Застигнутая врасплох, Варвара растерялась.

– Семен-то? Да он в отъезде, – замялась она.

Проницательный глаз доктора уловил смущение женщины, и он прямо спросил:

– А он не в армии? Не у Калмыкова?

– Да что вы! – возмутилась Варвара. – Что он, зверь какой? – И спохватилась: не болтает ли лишнего?

– Так куда же он уехал? – настойчиво допытывался доктор. – Видите ли, мне это необходимо знать. У меня будет к вам просьба, но… без мужа вы ее разрешить не сможете. Он скоро будет дома? Я бы к вам подъехал…

Варвара растерялась, не знала, как и ответить доктору. Свой он или чужой? А вдруг выдаст ее с семейством белякам – и прости-прощай тогда все на белом свете: убьют, растерзают, как ежедневно убивают и терзают по всем селам деревенский люд, несогласный с белой властью. Что ж ему сказать?

Доктор понял колебания Варвары и промолвил требовательно:

– Я буду с вами откровенен. В скором времени мне, очевидно, придется скрыться из города. Я… на очень плохом счету у калмыковской разведки, и за мной следят. Не сегодня-завтра меня могут схватить, а вырваться от них невозможно. В деревнях у меня знакомых нет, по сути дела, идти некуда. Надежда только на вас, – может быть, в вашем селе пережду лихую годину. Я постараюсь там связаться с партизанами и уйду от вас. Вы не бойтесь, я не стесню.

– Да что вы, Иннокентий Львович! Что вы! – со вздохом облегчения произнесла Варя. – Чем вы нас стесните? Нас всего двое – я да свекор. Муж дома редко бывает… в отлучке. Никому не помешаете.

Так и договорились, что через день-два Иннокентий Львович придет ночью пешком в Темную речку и остановится у Костиных.

Вернувшись домой, Варвара рассказала свекру о разговоре с доктором. Дед думал, качал головой.

– Места он у нас не пролежит, дело не в месте, если человек хороший. Не оставлять же его в городе на верную погибель. Приедет – посмотрим его поближе, что за человек. А насчет Семушки, что он в партизанах ходит, пока ни гугу, ни словечка не говори. Надо выведать, что он за человек, чем дышит.

Стали поджидать доктора. Он не пришел ни через день, ни через два.

– Видно, припоздал уйти из города, попал в руки белякам, – твердил старик, с волнением поджидавший врача, которого почитал почти за родного человека за то, что так верно и умно напророчил им внука. – Нет, не придет! Попался им, душегубам, в когти! – вздыхая, решил он – прошло пять дней, а доктора все не было.

А Варвара заждалась Семена. Нет и нет мужика, хоть иди на розыски в лес, в чащобы таежные. Радость-то какая: младенчик будет, свой, кровный, – а Семен и не ведает. Сколько раз мысленно представляла Варвара день возвращения мужа! Кинется к нему на шею, уведет в спаленку и расскажет о том, как жила, радовалась, ликовала последнее время.
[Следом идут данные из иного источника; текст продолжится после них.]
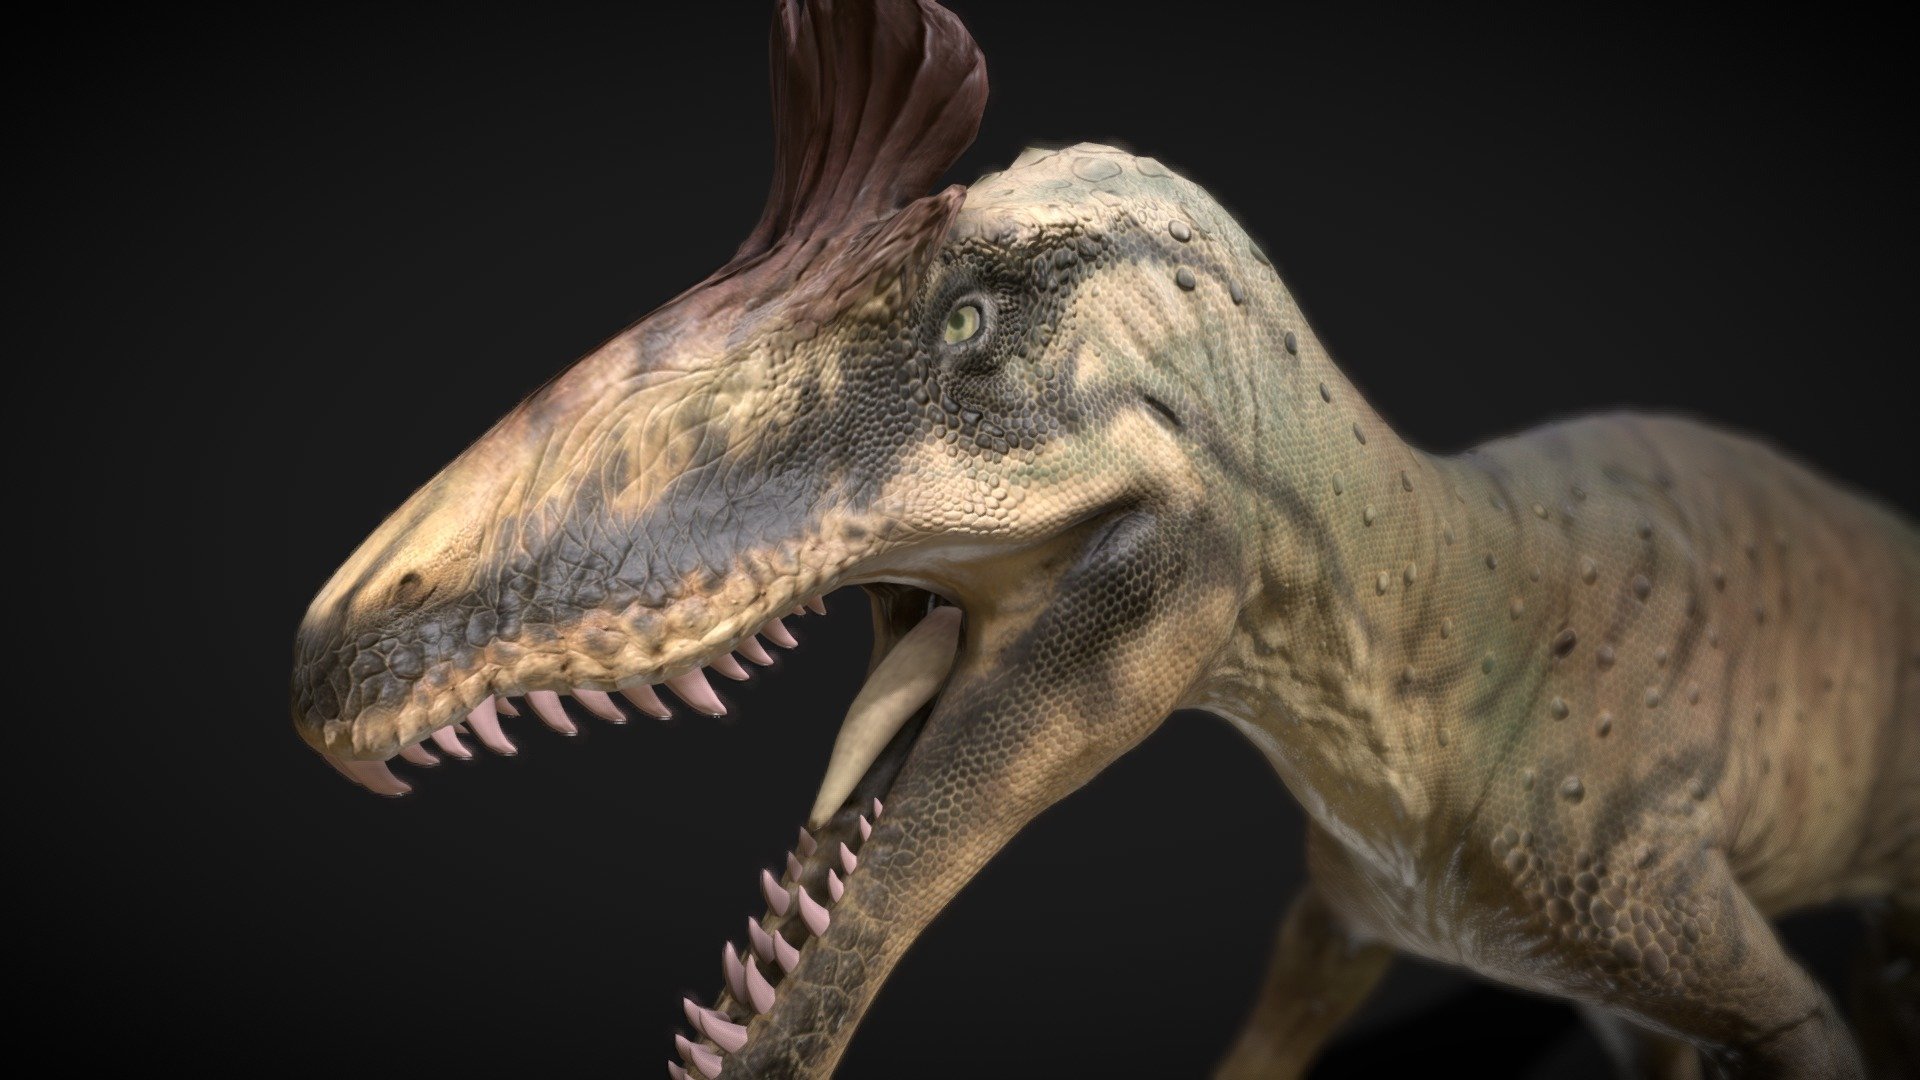 Cryolophosaurus, a striking theropod dinosaur from the Early Jurassic, strides into the prehistoric scene with its distinctive head crest and formidable presence. Discovered in Antarctica, this carnivorous dinosaur adds a touch of intrigue to the southern polar regions.

With a name meaning &ldquo;frozen crested lizard,

И не знала, не ведала, что в эти дни жизненный круг Семена Никаноровича Костина был почти завершен, что повис над ним тяжкий меч «правосудия», вершимого военно-юридическим отделом Особого казачьего отряда атамана Калмыкова; не чуяла, что уже прохаживаются по широкой спине мужа железные шомпола атамановых палачей; не слышала, как, задыхаясь от непереносимой боли, скрежещет зубами, стонет силач Семен, распинаемый руками садистов.

Грозен враг за плечами.

ЧАСТЬ ЧЕТВЕРТАЯ
СИЛЬНЫ ВРЕМЕНЩИКИ…

Глава первая

По заданию отряда Семен Костин шел в Хабаровск – получить необходимые сведения и медикаменты от рабочих Амурской флотилии и передать для распространения по городу письмо партизан отряда Лебедева в адрес атамана Калмыкова и его подручных. Задание, полное смертельного риска: побывать в логове врага.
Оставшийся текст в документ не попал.